Consider a shooter that loads and fires 3 shots over a chronograph looking for a 2900 fps mean velocity and a 10 or less standard deviation for his reloads to suit his application, and obtains a mean velocity of 2904 fps, a standard deviation of 8.5 fps, and an extreme spread of 17 fps. He says "Man, I'm there!" and proceeds loading annumition on that basis. But what does his data really tell him. The truth lies in the probabilities and confidence that those 3 shotsnare representative of what the future rounds will be. It is normal to consider 95% confidence interval to be used as a metric to have confidence in what the sample data tells us. In this case the mean of 2904 for three shots gives a confidence interval of 2883 to 2925 fps as the likely range for the true mean velocity. This range of probable velocity may or may not be an issue for the shooter. If we apply a 95% confidence interval to the test standard deviation the likely true range is between 4.5 fps to 53.7 fps. If the shooter was looking for a 10SD then is something between 4.5 and 53.7 fps acceptable? Probably not. So he goes back and shoots 5 shots, and the results are mean between 2889 and 2911 fps, SD between 5.21 and 25 fps. ES of 22 fps. Acceptable? If he shoots 10 rounds and the standard deviation is 8.8 fps then the SD range is 6.06 to 16.1 fps (ES 28) and if he shoots 20 rounds and the standard deviation is 8.7 fps the SD range is now 6.61 to 12.7 fps (ES 37). Notice that unlike mean velocity, standard deviation is not symmetrical and is skewed. It is not normally distributed and follows a Chi-squred distribution as opposed to normal. Had the shooter used the 3 or 5 shot data he likely would have been severely disappointed in the performance of his reloads on target.

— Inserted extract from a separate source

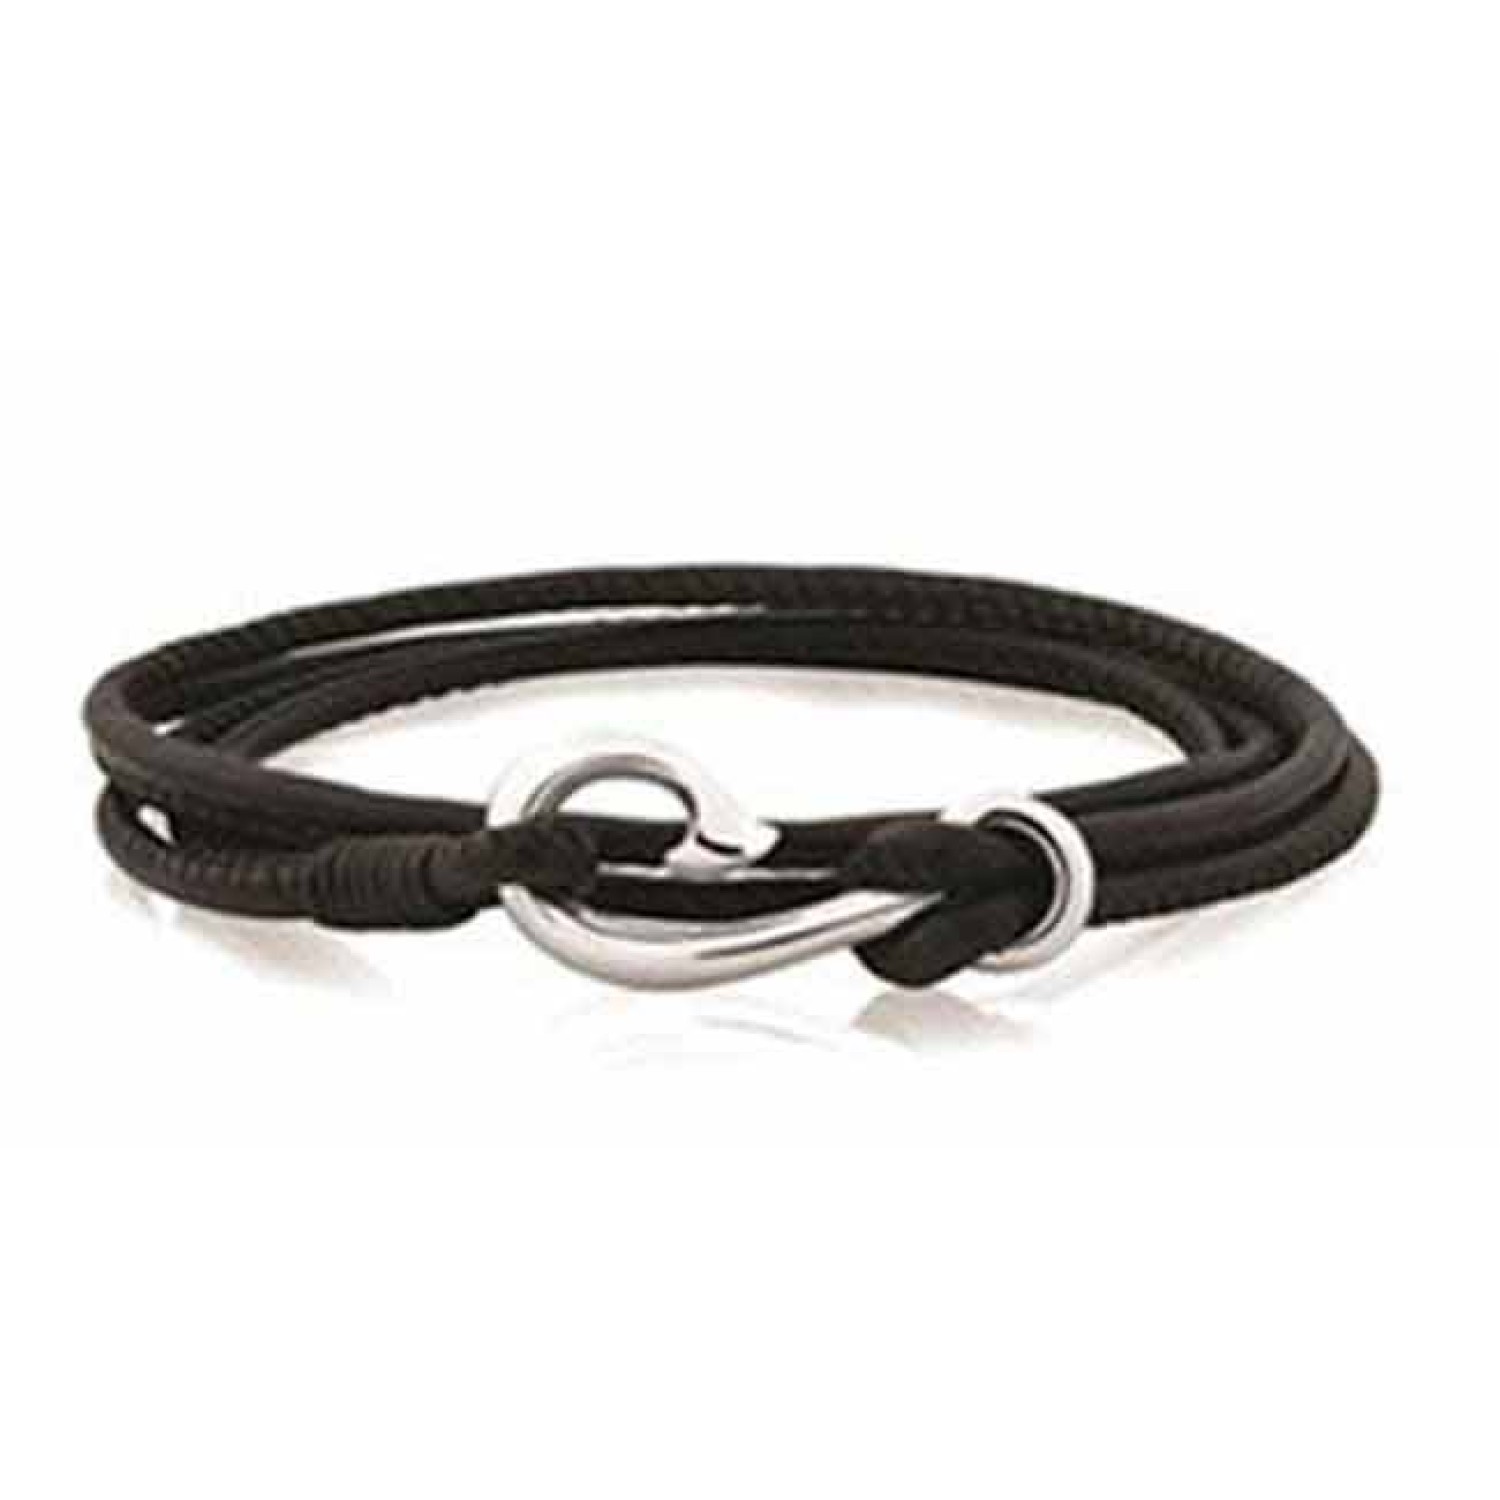 Evolve Safe Travel Wrap Bracelet Black. The Safe Travel Wrap Bracelet features a sterling silver safe travel hook on soft leather, promising protection and safety as you explore the world. This bracelet wraps around your wrist twice and loops onto the fis

Consider what happens when comparing standard deviations of two different samples with "something different" about the samples (think primers?). Sample 1 has 5 shots with a SD of 9 and Sample 2 has 5 shots with a SD of 15. How do we intrepret this data. Obviously the 9 is less than the 15 but is it better and by how much? When analyzed by the usual F test statistic there is an 82% chance that that the 9 is statistically less than 15 but we do not know by how much. We can look at the confidence intervals for the 9 and find it to be 5.4 and 25.9 fps and the 15 to be between 9 and 43.1 fps. So while we have a fair amount of confidence that for this test the 9 is statistically less than the 15 for a large population we have very little confidence in what SDs they actually represent or by actually how much the difference is. Because of the large overlap in confidence intervals (9 to 26) it's likely that if this test were run again with 5 shot samples the results could be different.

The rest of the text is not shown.